■ Task statement
Wherever a picture appears, skip it and retype the rest of the data exactly.

■ Data section
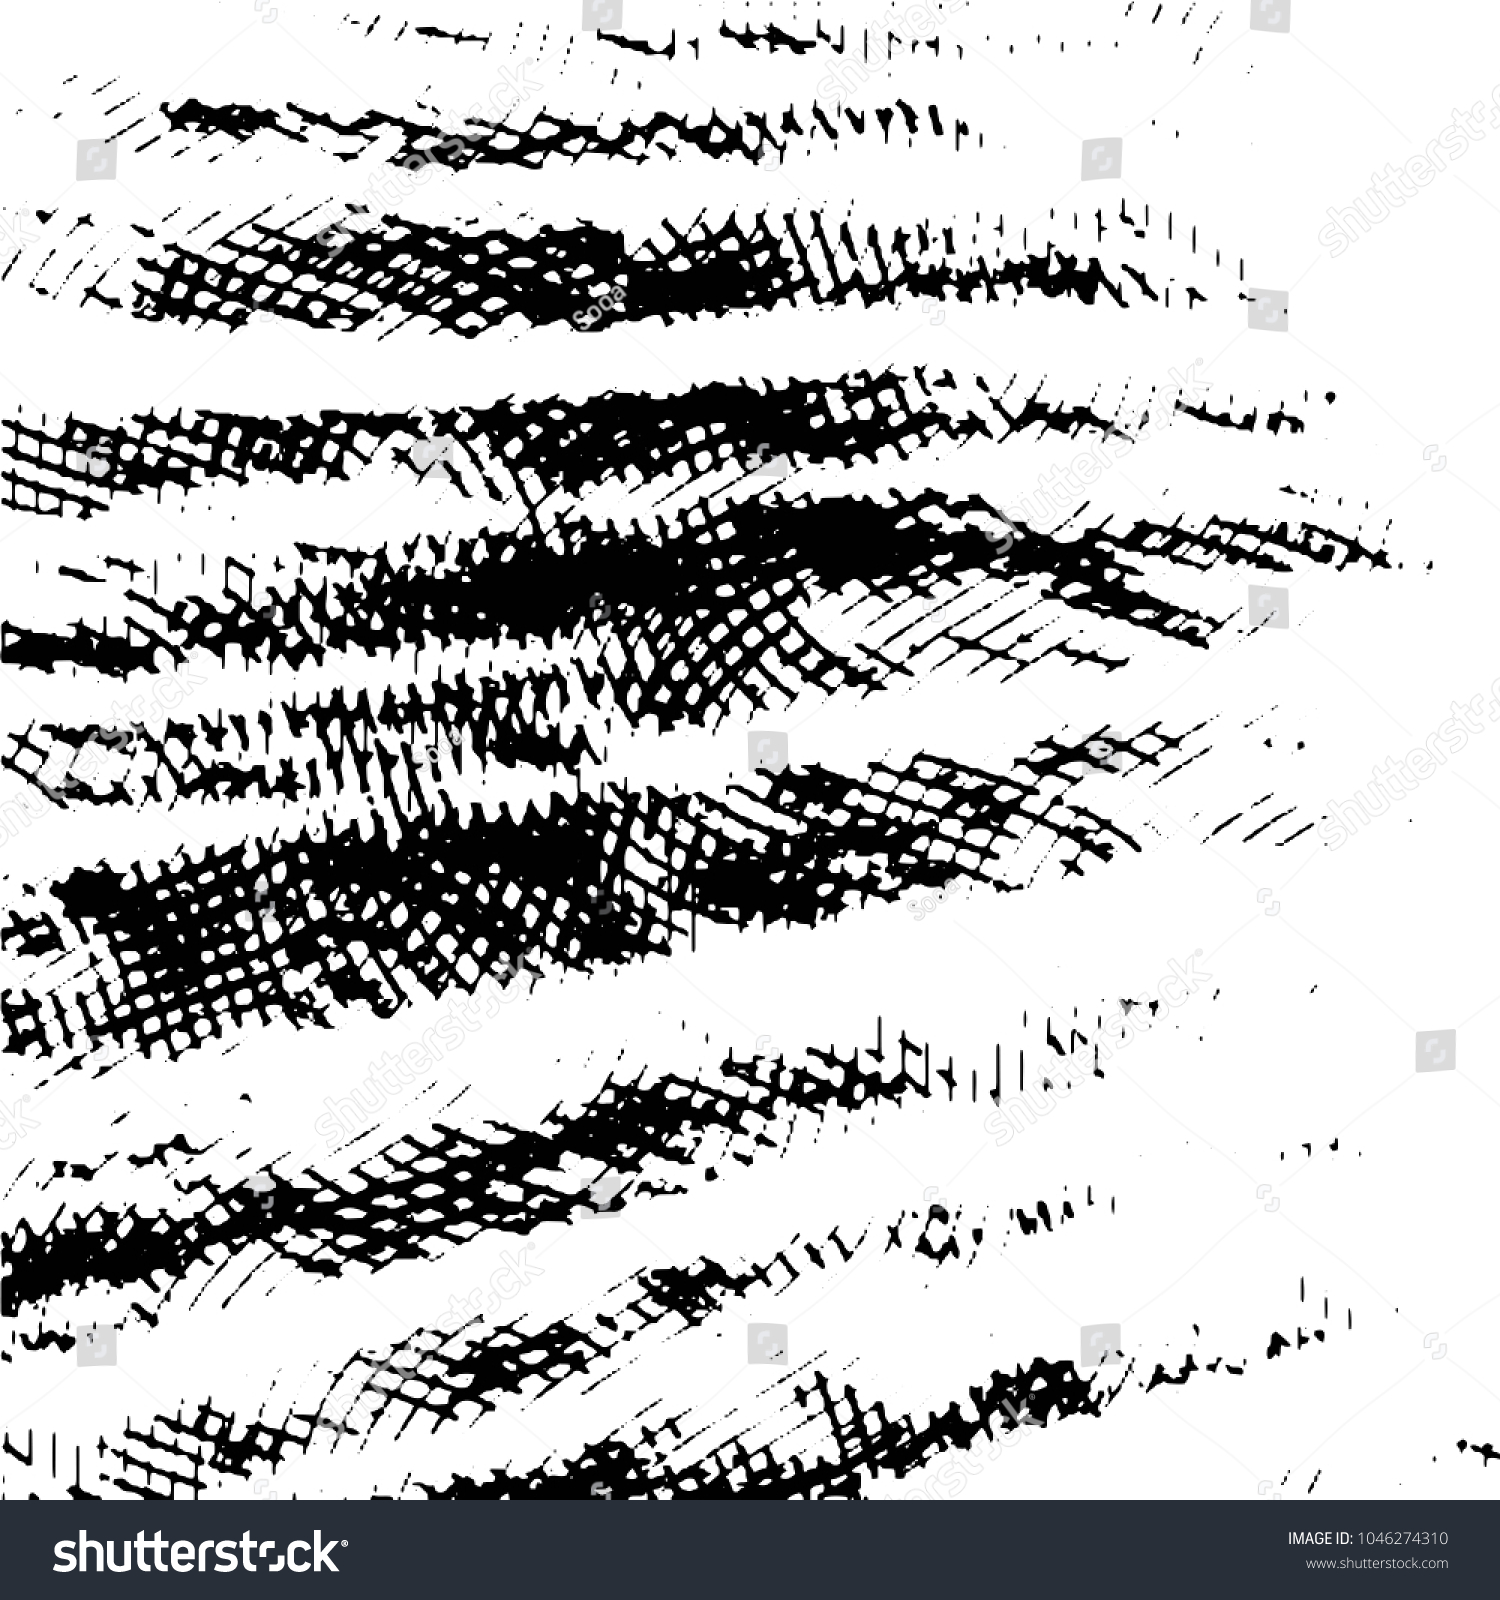 Abstract grunge grid stripe halftone background pattern. Black and white line illustration
 #1046274310
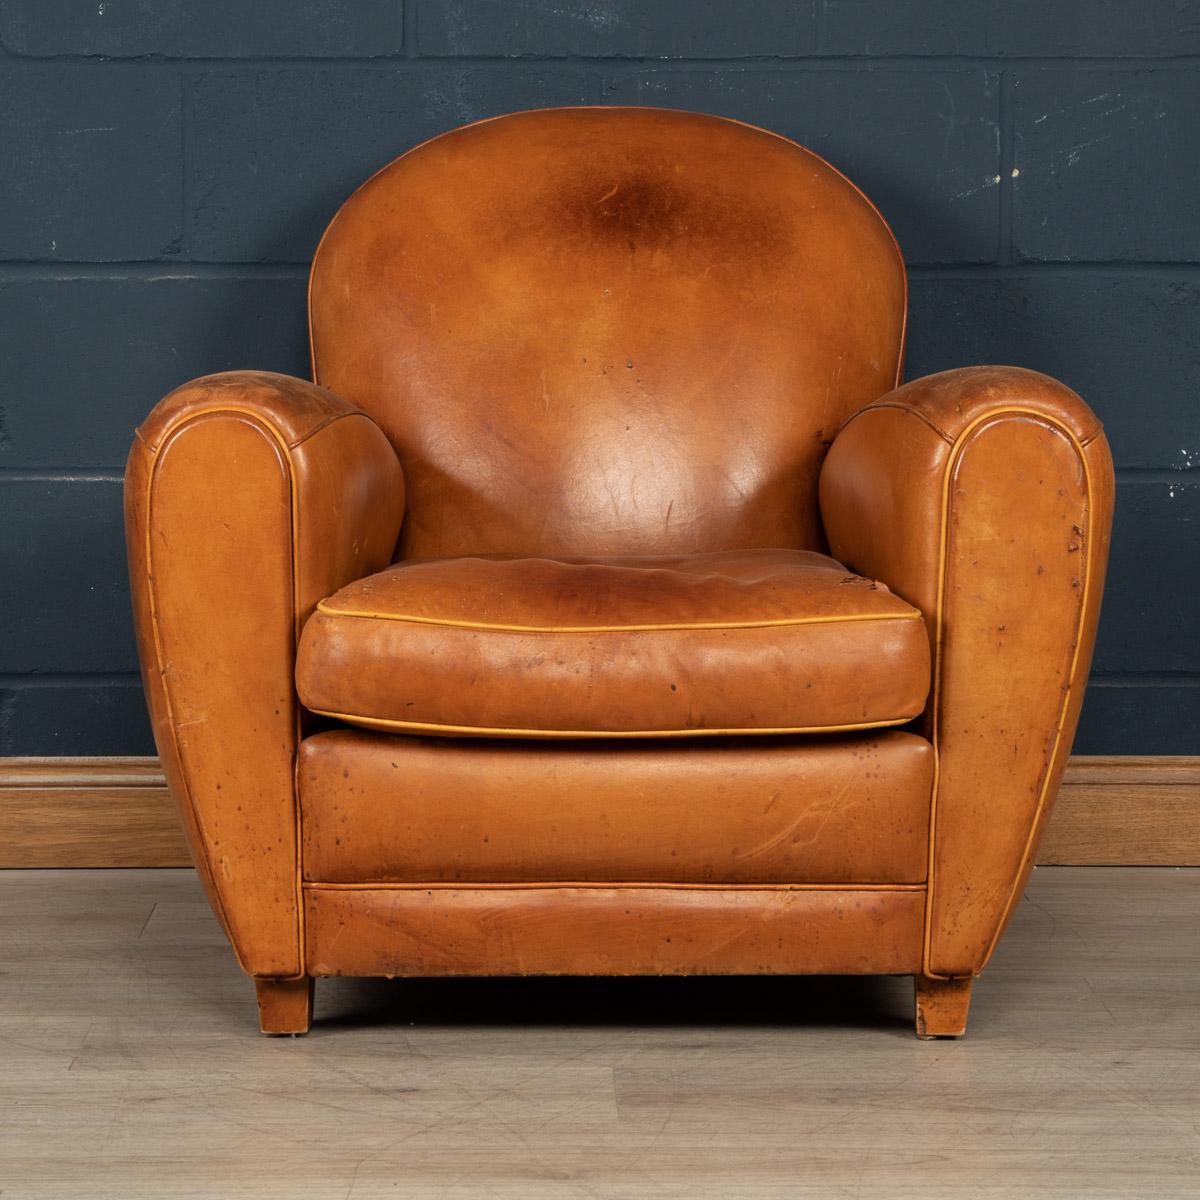 A fine quality leather armchair made in France in the latter end of the last century. Hand made, the timber frame is clad with a wonderfully rich tan leather hide, supple to the touch and extremely comfortable. Even though the armchair shows some

■ Result of this exercise
 Abstract grunge grid stripe halftone background pattern. Black and white line illustration
 #1046274310
 A fine quality leather armchair made in France in the latter end of the last century. Hand made, the timber frame is clad with a wonderfully rich tan leather hide, supple to the touch and extremely comfortable. Even though the armchair shows some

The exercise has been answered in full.